Author: Bernard Hanotiau*
Published: March 1990
Jurisdiction: | Topics: Commercial Disputes Arbitrability Enforcement of Arbitral Awards Enforceability New York Convention |
Description:
I. INTRODUCTION: BELGIUM AS A PLACE FOR INTERNATIONAL ARBITRATION
Belgium is gaining an increasingly important role in international arbitration. Indeed, the country offers many geographical, political, and legislative advantages to international arbitration.
Parties generally prefer to choose a neutral site, such as Belgium, to resolve their international commercial disputes. For many parties, Belgium is more acceptable than larger European countries, like France, Germany, or Great Britain, even as Brussels grows in importance as the administrative center of the European Community.
Another important element that contributes to Belgium’s important role in the field of arbitration is the possibility of international enforcement of awards made in Belgium. Since Belgium is a party to the United Nations Convention on the Recognition and Enforcement of Foreign Arbitral Awards of June 10, 1958 (New York Convention), the awards made in Belgium can be enforced in the more than eighty states that have ratified the Convention. Belgium is also a party to the European Convention on International Commercial Arbitration, signed in Geneva on April 21, 1961 (European Convention), and it has concluded various bilateral agreements providing for a simplified procedure of exequatur of foreign arbitral awards.1
The complaint most often raised against various national laws concerns the number of possible methods of recourse against final, partial, or interim awards.

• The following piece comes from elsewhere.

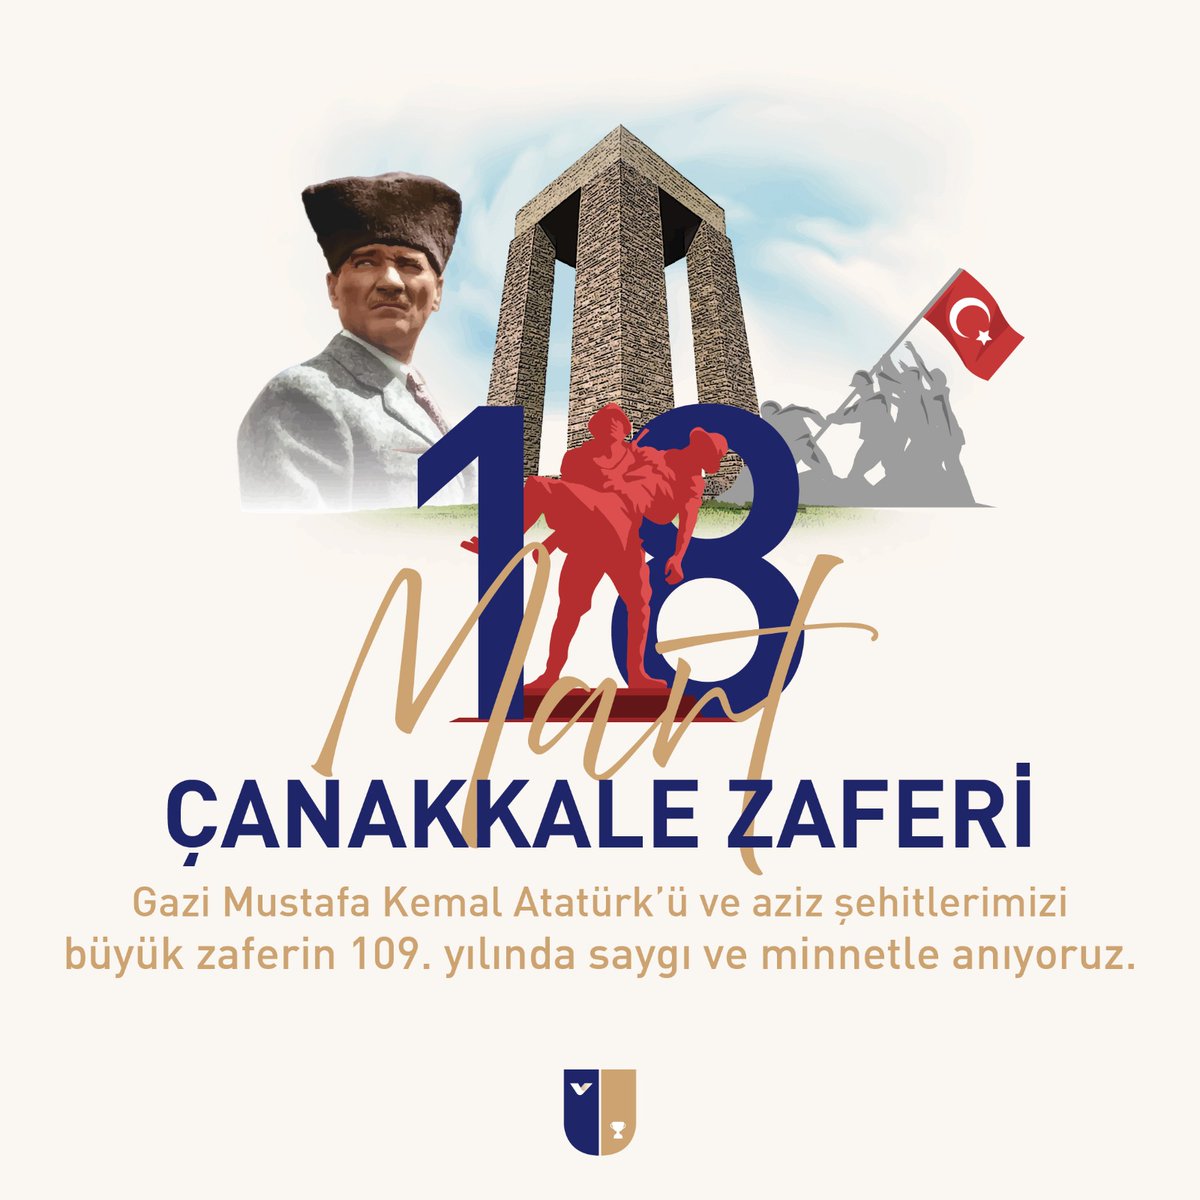 Bir milletin kaderini değiştiren bu destansı zaferin 109. yılında Gazi Mustafa Kemal Atatürk'ü ve aziz şehitlerimizi saygı ve minnetle anıyor, tüm ulusumuzun Çanakkale Zaferi'ni kutluyoruz! 🇹🇷 #CanakkaleZaferi

A new trend is therefore to limit the possibility of challenging the award in the country where it has been made and to transfer control to the country in which it is to be enforced. Belgium has shown the way in adopting, on March 27, 1985, a statute which adds paragraph 4 to article 1717 of the Judicial Code. The purpose of this provision is to limit court control over arbitration occurring in Belgium when neither of the parties has Belgian nationality, residency, or a branch or a seat of operation in Belgium. This amendment will be further discussed in section III.
*J.D., 1970; Ph.D., 1979 (University of Louvain, Belgium); L.L.M., 1973 (Columbia University). Member of the Brussels and Paris Bar. Partner, Hanotiau, Evrard, Bruyns, Brussels. Professor of International and Comparative Law, Universities of Louvain and Namur, Member of the Institute of the International Chamber of Commerce, Paris. Member of the AAA Panel of Arbitrators. Member of the “Centre Beige pour l’Etude et la Practique de l’Arbitrage National et International” (CEPANI).